What to look out for?
You can look for specific elements listed in this section as not converted or have a published workaround. These will also be listed in the spark reference inventory that is output in the inventories folder locally. To compare these to the existing mappings, you may need to query the database.
The readiness score is the first indicator of whether a codebase is ready for Snowpark. A score above 80% is mainly ready to go. A score lower than 60% will require some additional effort.
For this workload, the score is over 90%. This is a good indicator.
The next indicator is size. If the workload has a large amount of code but a small number of references to the Spark API, that could indicate that this use case depends on several third-party libraries. Additionally, a low readiness score, but with only 100 lines of code or 5 references to the Spark API can be manually converted quickly regardless of automation.
For this workload, the size is very manageable. There are over 100 files, but less than 5000 references to the Spark API and less than 10000 lines of code. And ~98% of these files have references to the Spark API, so there is not a lot of non-Spark-related Python code.

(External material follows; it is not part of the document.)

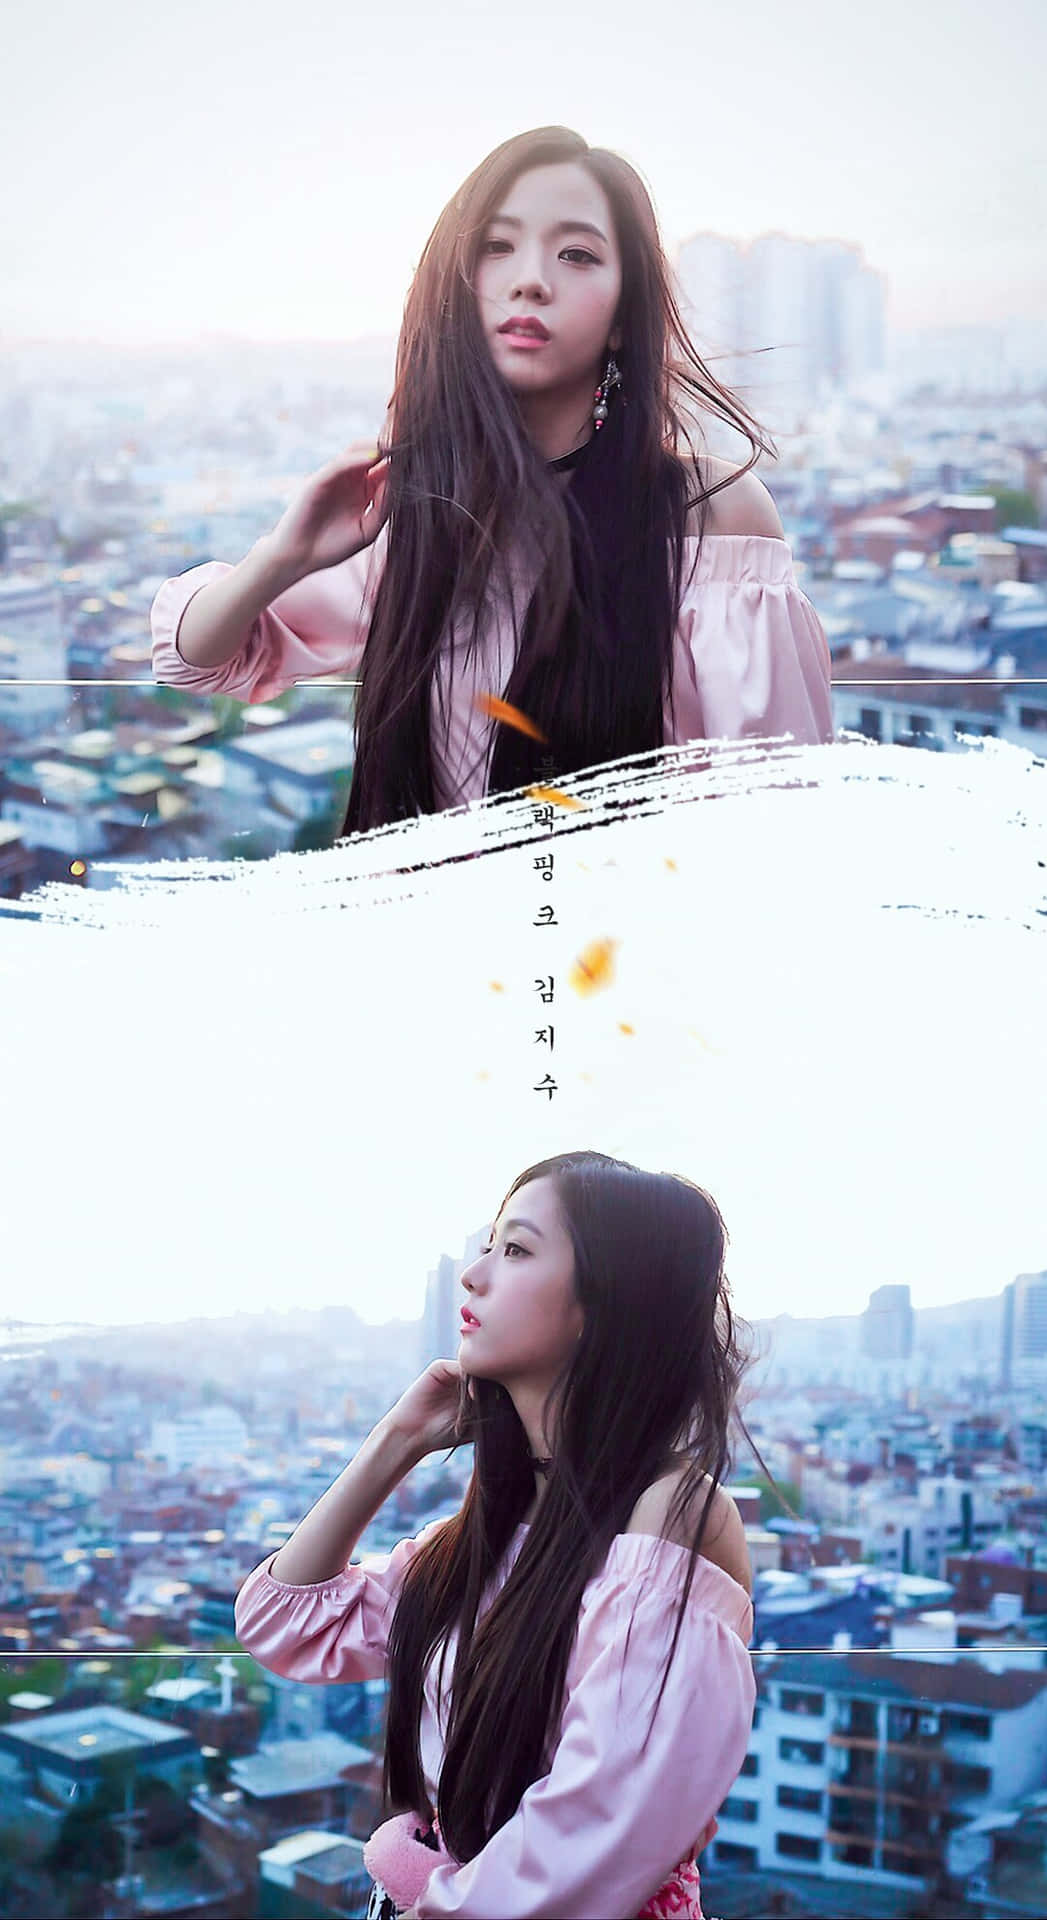 Jisooblackpink Ruffigt Hår (for A Computer Or Mobile Wallpaper Featuring Jisoo From The K-pop Group Blackpink With Her Hair Styled In A Messy Fashion) Wallpaper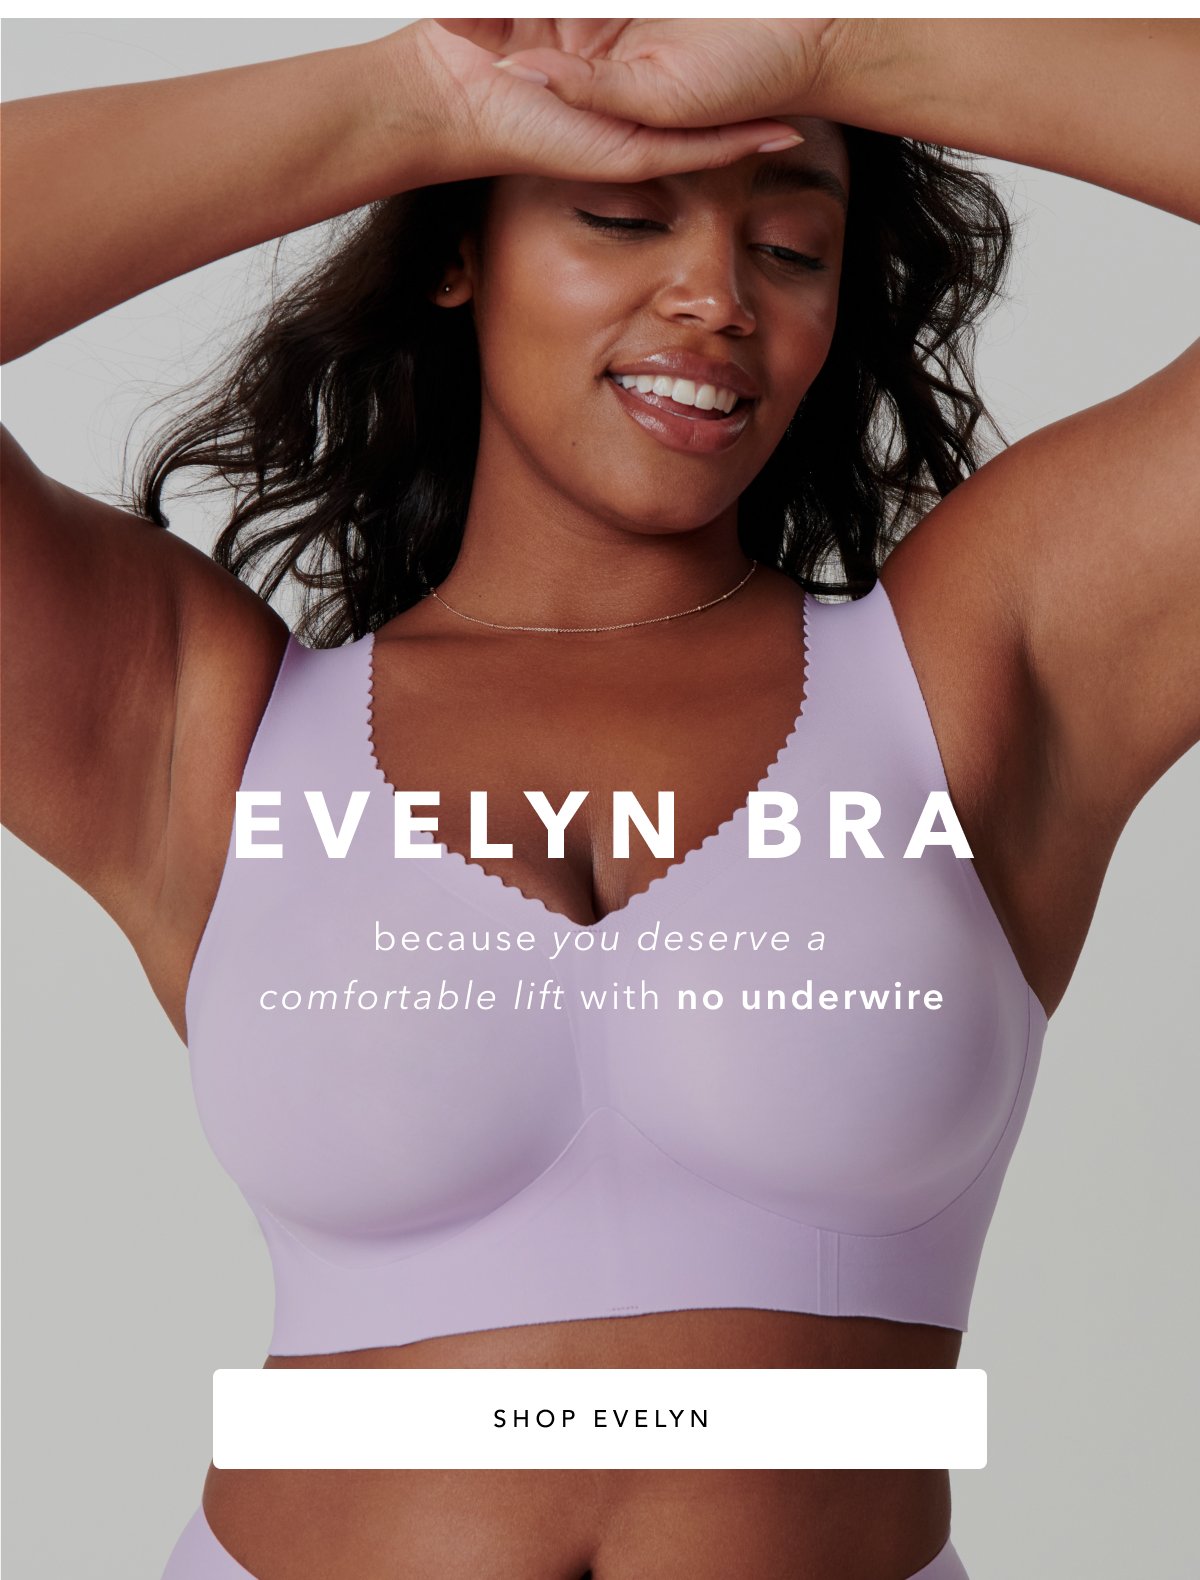 EVELYN BRA BECAUSE YOU DESERVE A COMFORTABLE LIFT WITH NO UNDERWIRE

This brings us to the third indicator: imported libraries. The import calls inventory will identify references to imported packages. Some of these packages will indicate that this workload needs more analysis. If there are many third-party references, bring in the WLS team to better understand the use case.
In this case, we have some referenced third-party libraries, but nothing related to ML, Streaming, or other libraries that can be difficult to replicate in Snowpark.
Since this workload appears to be a good candidate for Snowpark, continue to the next step in the Spark Attack process.